Shariq Refai, MD, board certified psychiatrist

From my practice · Shariq Refai, MD, MBA, FAPA

Why I distrust single cause explanations

Patients want one cause, a chemical imbalance, a bad childhood, a stressful year, and I understand the wish for a clean answer. The truth I have to share is messier. Depression and anxiety almost always come from several threads at once: genetics, biology, life circumstances, and how we've learned to cope, woven together.

I find this honestly freeing rather than discouraging. If there are several causes, there are several places to intervene, which is exactly why treatment works even when we can't name a single trigger. The search for the one root cause is usually the thing that keeps people stuck.

The big picture: many causes, not one

Depression and anxiety usually come from several things working together, not a single cause. The research keeps pointing to a blend: biological vulnerability, psychological patterns, life experience, and ongoing stress.

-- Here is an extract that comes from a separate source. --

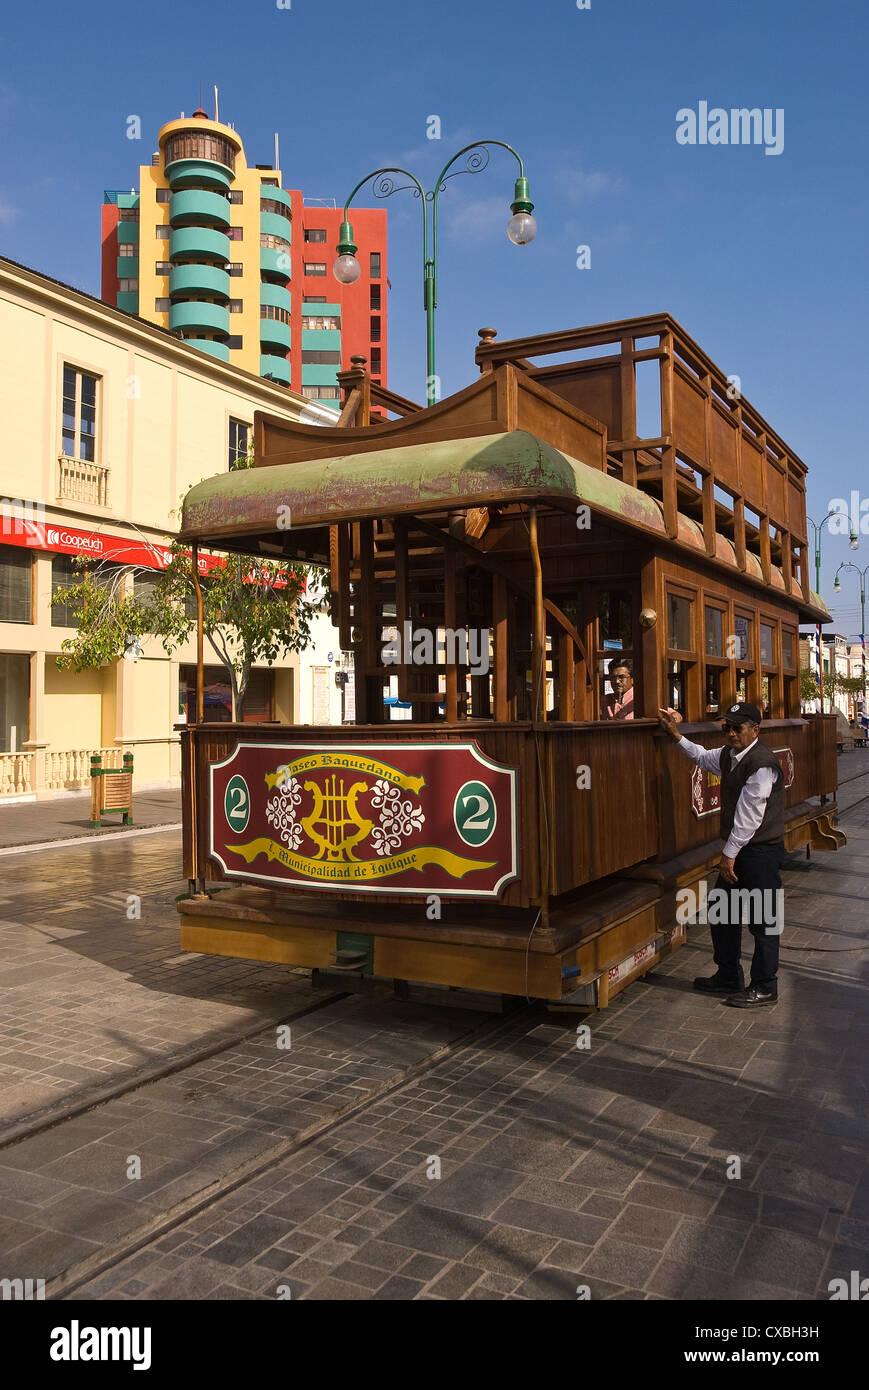 Elk198-2291v Chile, Iquique, Baquedano, carritos de transporte Imagen De Stock

Some people start with a genetic or neurochemical sensitivity that makes the brain more reactive to pressure; others go through repeated strain, trauma, or big life changes that slowly wear down their resilience.

Over time these pieces interact. Biology shapes how your brain handles stress, experience shapes how you think and cope, and environment pushes on your mood and energy. When enough of them stack up, depression and anxiety can settle in and stick around. Seeing that layering is the first step to treating it well.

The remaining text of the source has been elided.